Rats: Observations on the History and Habitat of the City’s Most Unwanted Inhabitants by Robert Sullivan

Rats: Observations on The History and Habitat of the City’s Most Unwanted Inhabitants by Robert Sullivan

Bloomsbury, New York, 2004

From my TBR pile.

Some of you may know I have a thing about animals.  Domesticated animals, wild animals, animals with back bones, animals with exoskeletons, and animals with no skeletons at all.  I  like rats and have even kept them as pets.

Rats is a book that made me laugh and made my skin crawl (not an easy thing to do).   A pair of rats can produce 15,000 baby rats a year.  Rats can gnaw through concrete.  A rat’s skeleton can collapse, allowing the rat to pass through a space the size of its skull.

Robert Sullivan, interested in rats because of their shared habitat with humans, spent a year investigating a rat-invested alley in New York City.  His book is crammed with rat facts, thoughts about rat-human interactions and the history of New York.  The people in this book are a fascinating and eccentric collection of city garbage managers, rat-catchers and rat specialists.   Sullivan takes full advantage of their stories as he makes some interesting connections about our relationship with these rodents.

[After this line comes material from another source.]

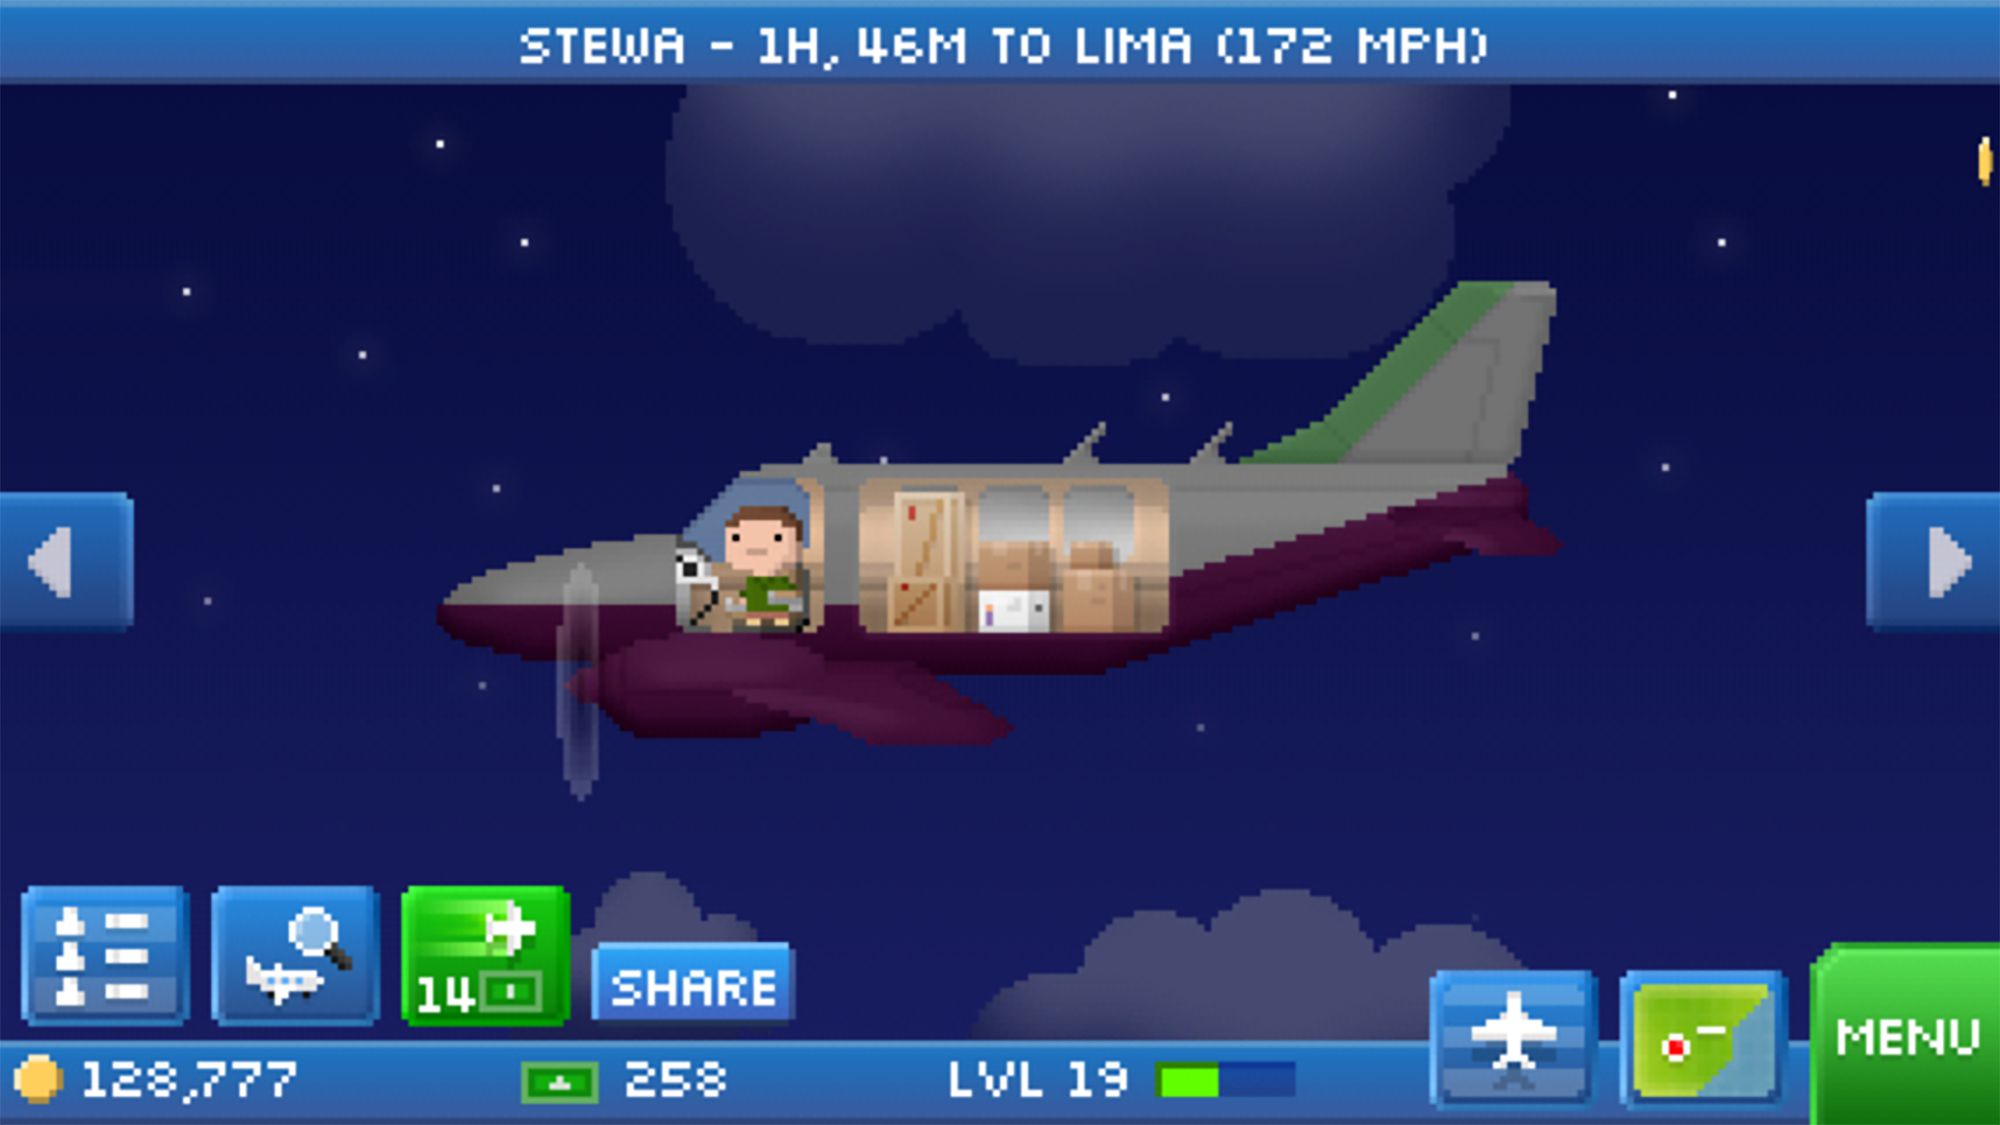 Pocket Planes - Android game screenshots.

Sometimes, I confess, as I sat in the alley late that summer and watched a rat emerge, as I studied its now predictable but still surprising path towards food, I felt an odd thrill of wild delight at the notion that I could perhaps  myself catch that rat, trap it.  It occurred to me that the rat catcher, spending his time in basements, dilapidated apartments and alleys, is, in a strange way, part of the rat’s natural environment, more so than the average rat-avoiding citizen. Trapping would provide a means to observing a wild Rattus norvegicus up close.   From page 130

Sullivan’s understanding of human impact on an urban environment, and his curiosity about the way we and rats have evolved to live together, make this a fun and enjoyable read (if it doesn’t gross you out)  and I have to say that the times I’ve spent in NYC I was much more freaked out by the scurrying of cockroaches than the occasional sight of a rat running up an alley!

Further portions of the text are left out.